__Your objective__
Return the full listing unchanged, excluding any images it contains.

__Stored data__
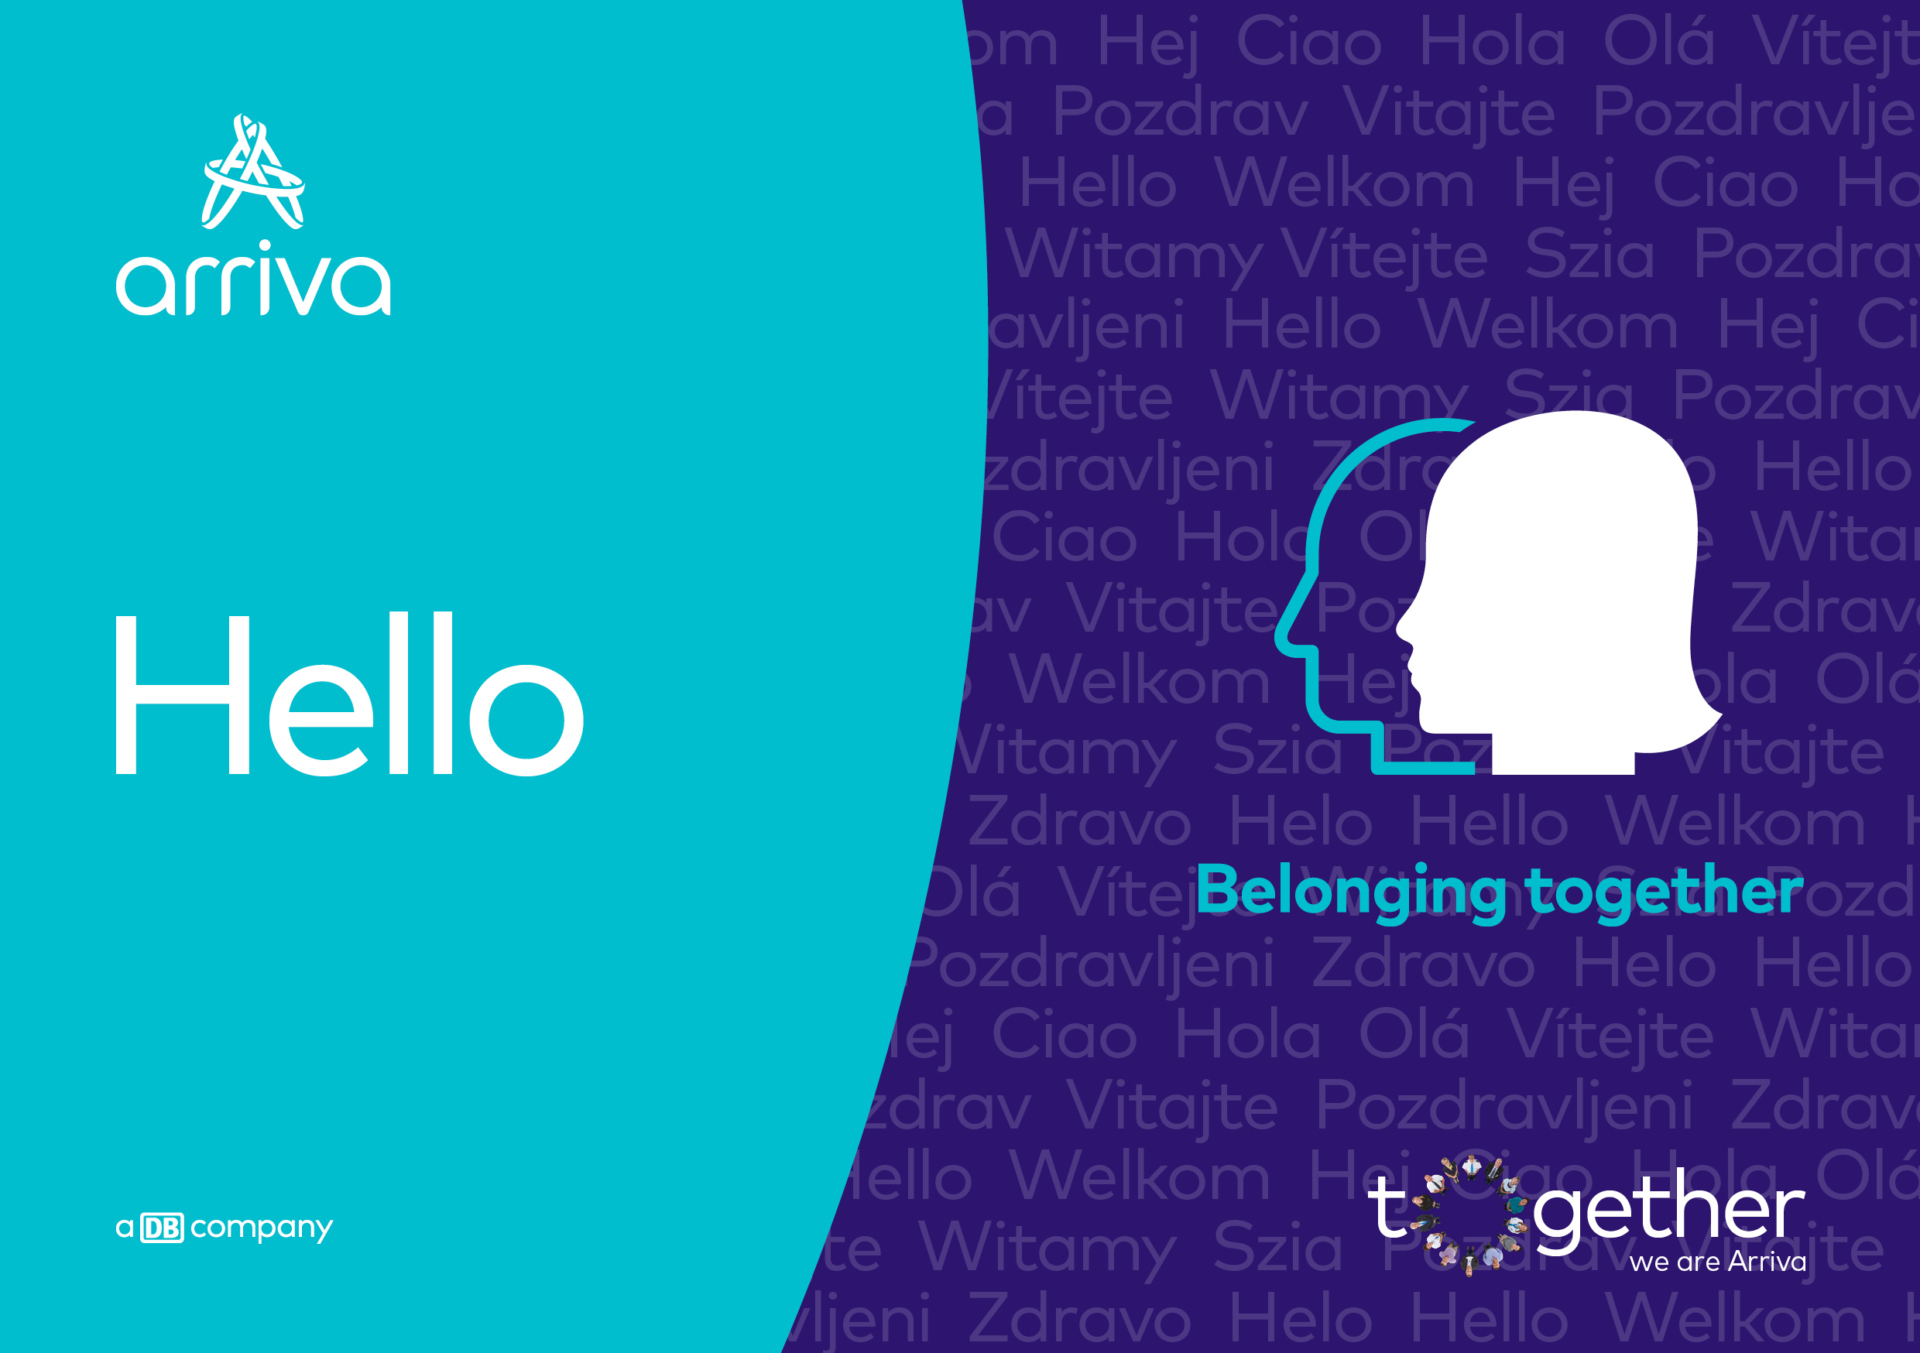 Naša blagovna znamka delodajalca –Skupaj smo Arriva/Together we are Arriva– opisuje Arrivo kot delodajalca.Čeprav imamo veliko samostojnih podjetij v kar 14-ih različnih državah po Evropi, smo na veliko načinov povezani. In prav to predstavlja pravo moč, vrednost in konkurenčno prednost skupine. Skupaj delujemo kot skupina Arriva.
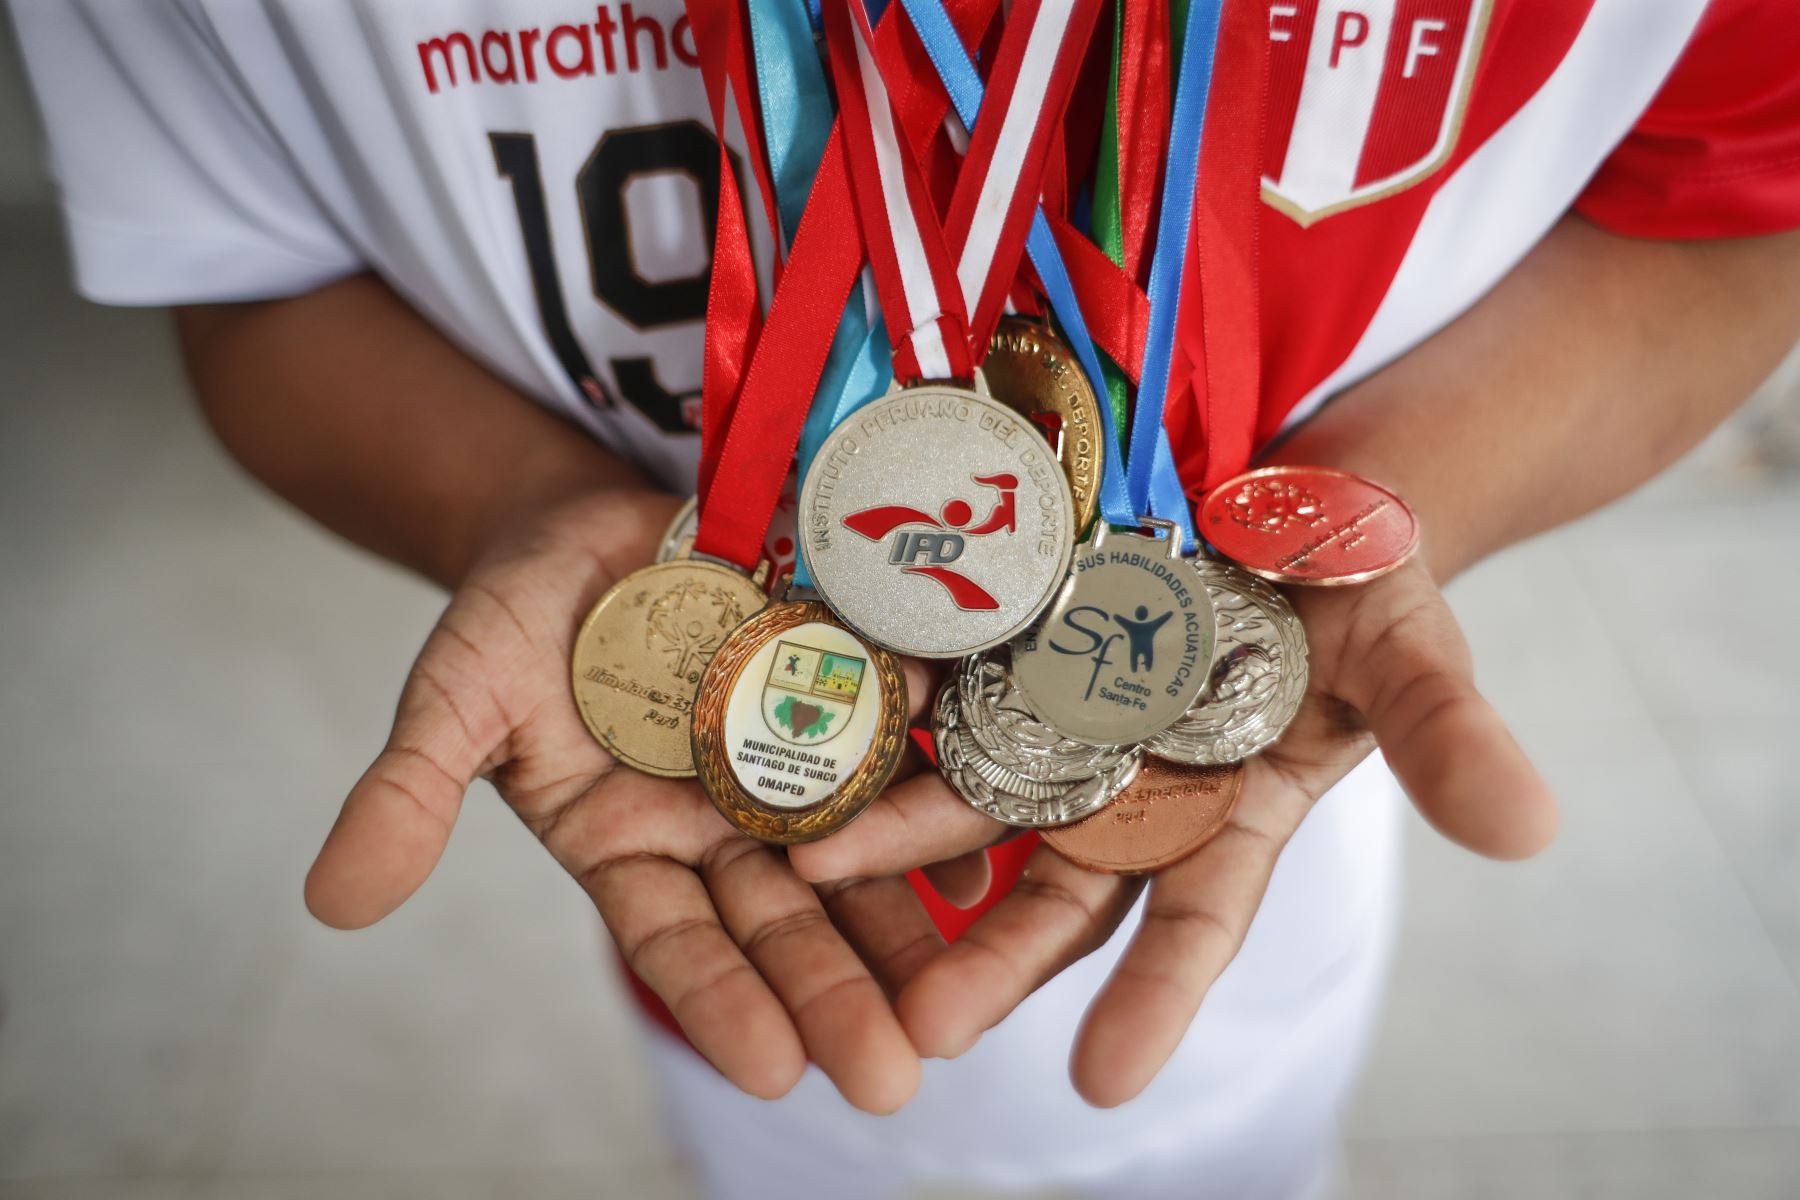 Pierre Espino enseña orgulloso las medallas que ha ganado en fútbol y natación. Foto: ANDINA/Renato Pajuelo
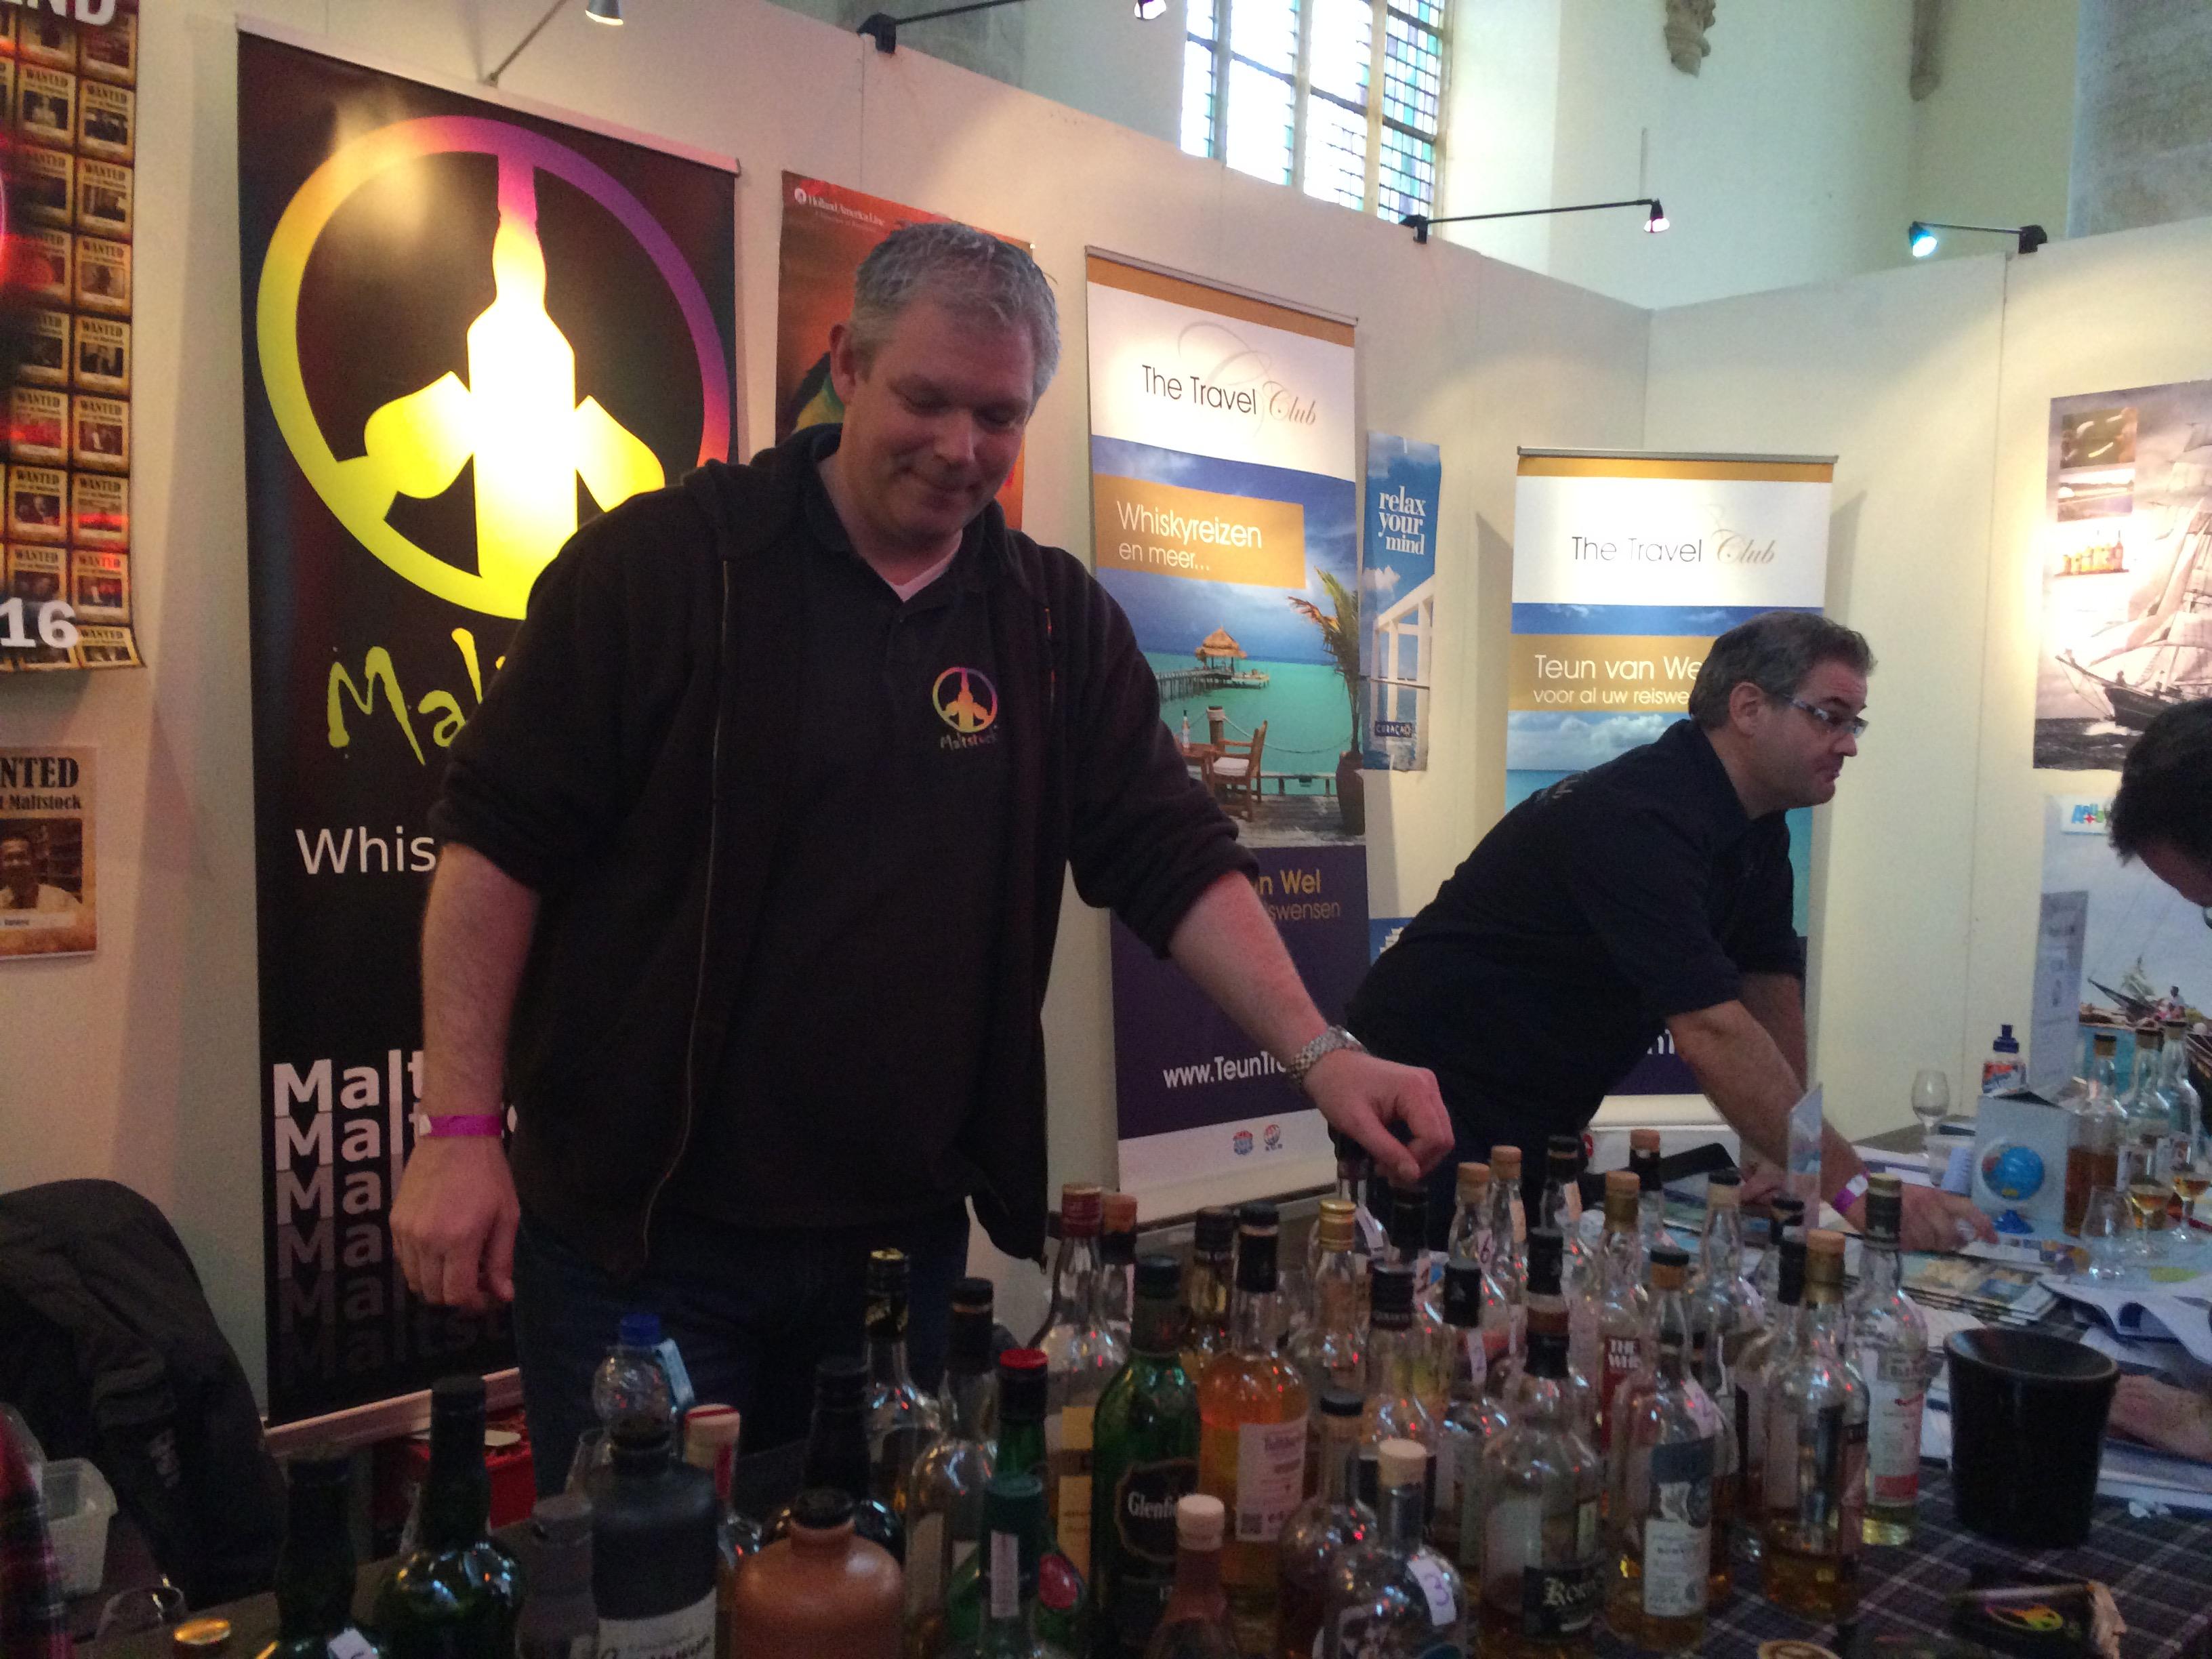 Maltstock at hielander whisky festival 2016
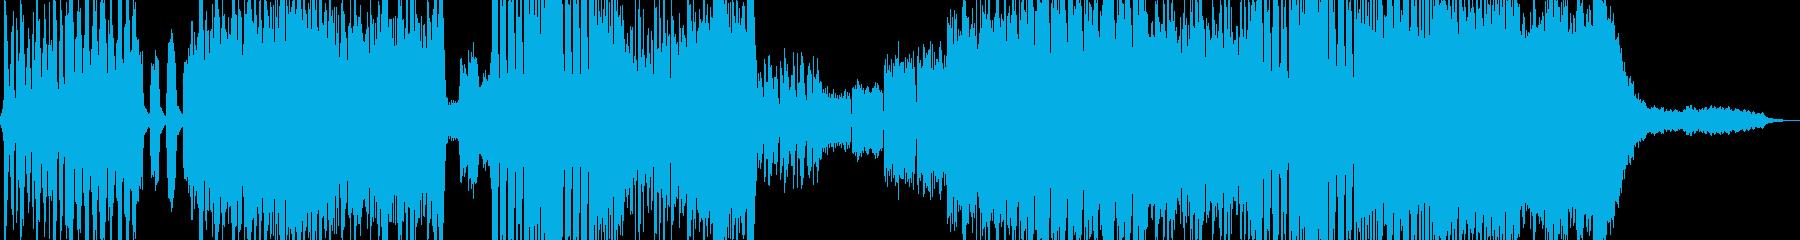 煉獄・救い無きオーケストラ チェンバロ有の再生済みの波形

__Written reply__
 Naša blagovna znamka delodajalca –Skupaj smo Arriva/Together we are Arriva– opisuje Arrivo kot delodajalca.Čeprav imamo veliko samostojnih podjetij v kar 14-ih različnih državah po Evropi, smo na veliko načinov povezani. In prav to predstavlja pravo moč, vrednost in konkurenčno prednost skupine. Skupaj delujemo kot skupina Arriva.
 Pierre Espino enseña orgulloso las medallas que ha ganado en fútbol y natación. Foto: ANDINA/Renato Pajuelo
 Maltstock at hielander whisky festival 2016
 煉獄・救い無きオーケストラ チェンバロ有の再生済みの波形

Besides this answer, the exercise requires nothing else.